CommandWhat it answers
describeWhat’s my whole configuration?
codegen write / previewWhat code is Wolverine generating?
wolverine-diagnostics codegen-preview…for one handler / endpoint / gRPC service
wolverine-diagnostics describe-routing [--explain] [--json]Where — and why — does a message route?
wolverine-diagnostics describe-handlers <TypeName>Why is (or isn’t) a type discovered as a handler?
check-envCan I connect to my infrastructure?
resources setup / check / teardownProvision or inspect stateful resources
storage counts / clear / rebuild / releaseInbox/outbox state and recovery
clear-handledPurge handled inbox rows
capabilities <file>.jsonFull machine-readable app snapshot
openapiGenerate OpenAPI docs offline (Wolverine.Http)

Where to Go Next

Wait, how does this work with Aspire?

But wait, what if you’re using Aspire as a de facto replacement for docker compose locally such that your applications can’t really run without Aspire being started up first? How is that going to work?

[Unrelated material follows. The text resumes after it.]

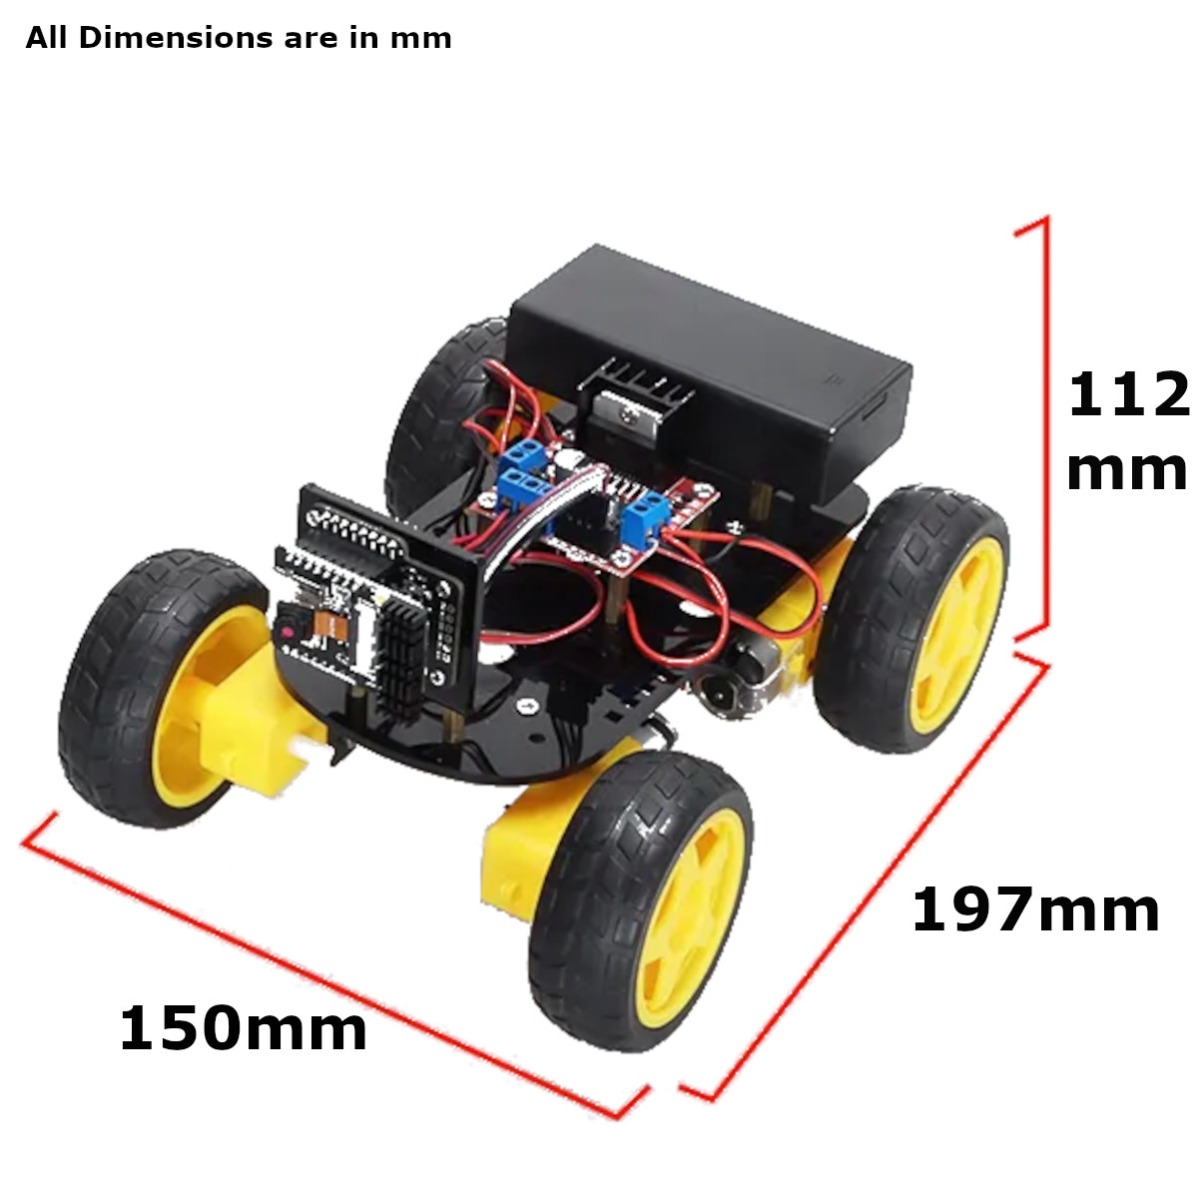 WIFI Video Robot Car Open Source ESP32 Car with Camera Programming DIY STEM  Toy Kits Cheap - Realistic Reborn Dolls for Sale

Um, I need to have a better answer for that myself. Let me get back to you on that one!

So, what’s JasperFx Software’s game plan for AI?

We’re going to throw all the spaghetti up against the wall!

More seriously, we’re going to bet on the command line usage described here + AI Skills combination as our first step. We’re also building quite a bit of MCP support into the CritterWatch commercial tooling that will hopefully be generally available in the next couple weeks. The last bit of planned spaghetti is some spec driven development experimentation we’re doing off in the background that’s going down a Behavior Driven Development strategy rather than trying for any kind of user interface modelling approach.